* **Data under study**:
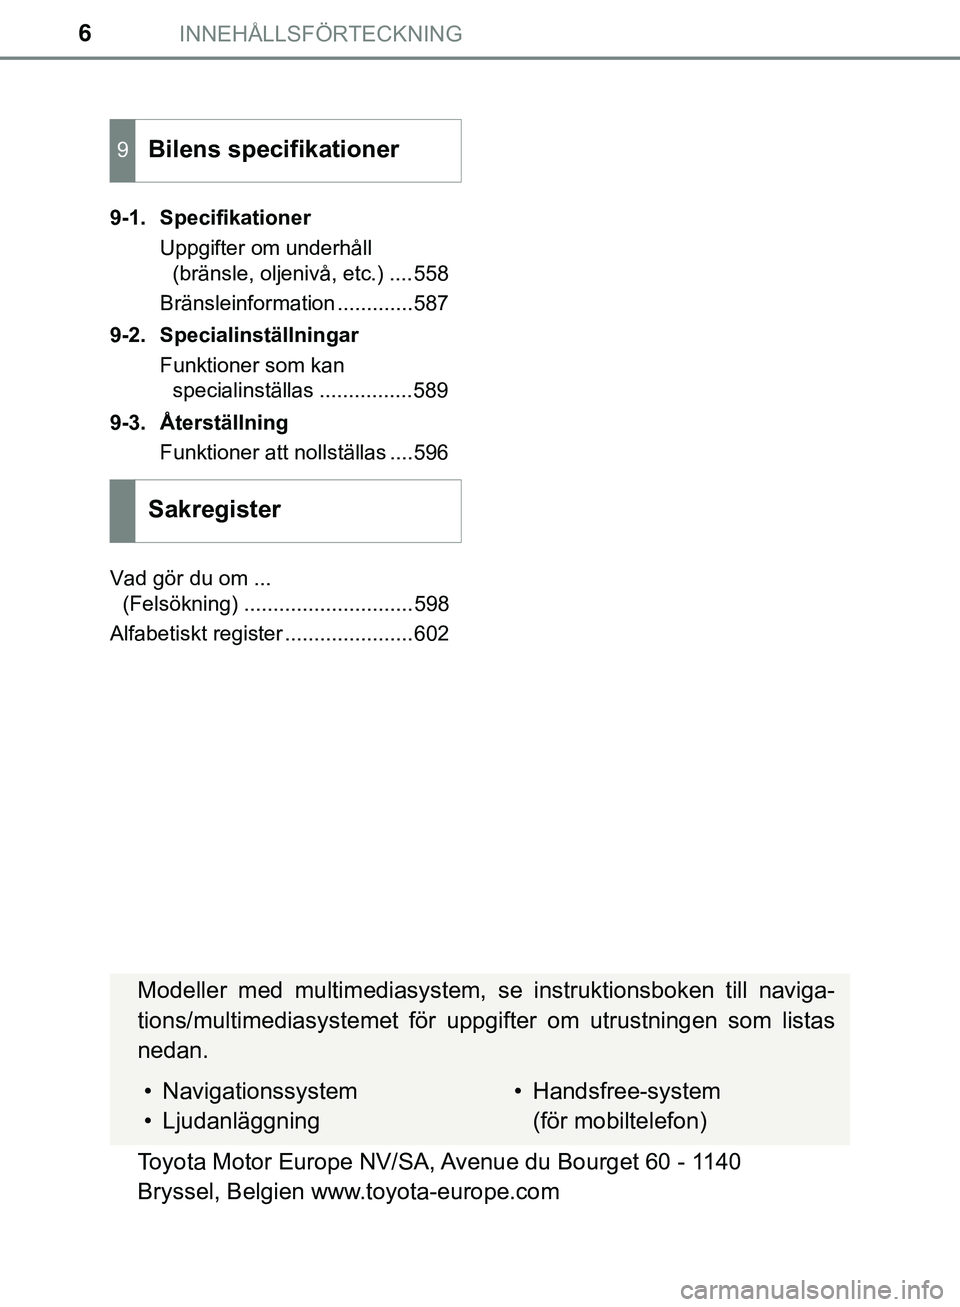 TOYOTA HILUX 2018  Bruksanvisningar (in Swedish) INNEHÅLLSFÖRTECKNING6
HILUX_OM_OM0K375SE9-1. Specifikationer
Uppgifter om underhåll (bränsle, oljenivå, etc.) ....558
Bränsleinformation .............587
9-2. Specialinställningar Funktioner so

* **About this exercise**: Would you transcribe all of the entries above exactly, minus the images?

* **Answer area**:
 TOYOTA HILUX 2018  Bruksanvisningar (in Swedish) INNEHÅLLSFÖRTECKNING6
HILUX_OM_OM0K375SE9-1. Specifikationer
Uppgifter om underhåll (bränsle, oljenivå, etc.) ....558
Bränsleinformation .............587
9-2. Specialinställningar Funktioner so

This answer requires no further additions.